__Assignment__
Exactly as written, output each of the entries below.

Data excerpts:
[Start of Attachment]

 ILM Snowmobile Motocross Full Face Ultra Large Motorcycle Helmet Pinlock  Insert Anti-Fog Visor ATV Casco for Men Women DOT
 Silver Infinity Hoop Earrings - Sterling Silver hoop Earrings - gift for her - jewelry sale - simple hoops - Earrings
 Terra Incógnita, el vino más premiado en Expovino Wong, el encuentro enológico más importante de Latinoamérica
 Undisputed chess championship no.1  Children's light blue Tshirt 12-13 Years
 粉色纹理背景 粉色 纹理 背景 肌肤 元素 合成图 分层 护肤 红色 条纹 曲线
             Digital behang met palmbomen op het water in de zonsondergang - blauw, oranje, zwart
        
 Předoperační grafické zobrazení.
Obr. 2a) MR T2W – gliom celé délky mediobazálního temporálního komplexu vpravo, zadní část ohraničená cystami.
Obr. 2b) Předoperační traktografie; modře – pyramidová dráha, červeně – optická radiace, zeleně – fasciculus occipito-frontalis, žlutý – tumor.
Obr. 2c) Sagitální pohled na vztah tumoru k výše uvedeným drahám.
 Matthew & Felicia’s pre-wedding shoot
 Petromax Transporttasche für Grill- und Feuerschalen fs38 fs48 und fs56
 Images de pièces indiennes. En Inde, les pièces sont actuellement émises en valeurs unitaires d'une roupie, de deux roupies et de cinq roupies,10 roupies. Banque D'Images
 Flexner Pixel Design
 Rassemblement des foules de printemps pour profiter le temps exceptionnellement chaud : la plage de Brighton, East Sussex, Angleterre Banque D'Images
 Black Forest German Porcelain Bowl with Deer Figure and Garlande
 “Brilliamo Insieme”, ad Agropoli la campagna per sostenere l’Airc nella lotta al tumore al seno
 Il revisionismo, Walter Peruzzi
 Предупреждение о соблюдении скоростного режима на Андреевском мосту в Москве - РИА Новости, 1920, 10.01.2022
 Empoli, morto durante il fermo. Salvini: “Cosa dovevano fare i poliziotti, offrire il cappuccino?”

[End of Attachment]

__Written solution__
 ILM Snowmobile Motocross Full Face Ultra Large Motorcycle Helmet Pinlock  Insert Anti-Fog Visor ATV Casco for Men Women DOT
 Silver Infinity Hoop Earrings - Sterling Silver hoop Earrings - gift for her - jewelry sale - simple hoops - Earrings
 Terra Incógnita, el vino más premiado en Expovino Wong, el encuentro enológico más importante de Latinoamérica
 Undisputed chess championship no.1  Children's light blue Tshirt 12-13 Years
 粉色纹理背景 粉色 纹理 背景 肌肤 元素 合成图 分层 护肤 红色 条纹 曲线
             Digital behang met palmbomen op het water in de zonsondergang - blauw, oranje, zwart
        
 Předoperační grafické zobrazení.
Obr. 2a) MR T2W – gliom celé délky mediobazálního temporálního komplexu vpravo, zadní část ohraničená cystami.
Obr. 2b) Předoperační traktografie; modře – pyramidová dráha, červeně – optická radiace, zeleně – fasciculus occipito-frontalis, žlutý – tumor.
Obr. 2c) Sagitální pohled na vztah tumoru k výše uvedeným drahám.
 Matthew & Felicia’s pre-wedding shoot
 Petromax Transporttasche für Grill- und Feuerschalen fs38 fs48 und fs56
 Images de pièces indiennes. En Inde, les pièces sont actuellement émises en valeurs unitaires d'une roupie, de deux roupies et de cinq roupies,10 roupies. Banque D'Images
 Flexner Pixel Design
 Rassemblement des foules de printemps pour profiter le temps exceptionnellement chaud : la plage de Brighton, East Sussex, Angleterre Banque D'Images
 Black Forest German Porcelain Bowl with Deer Figure and Garlande
 “Brilliamo Insieme”, ad Agropoli la campagna per sostenere l’Airc nella lotta al tumore al seno
 Il revisionismo, Walter Peruzzi
 Предупреждение о соблюдении скоростного режима на Андреевском мосту в Москве - РИА Новости, 1920, 10.01.2022
 Empoli, morto durante il fermo. Salvini: “Cosa dovevano fare i poliziotti, offrire il cappuccino?”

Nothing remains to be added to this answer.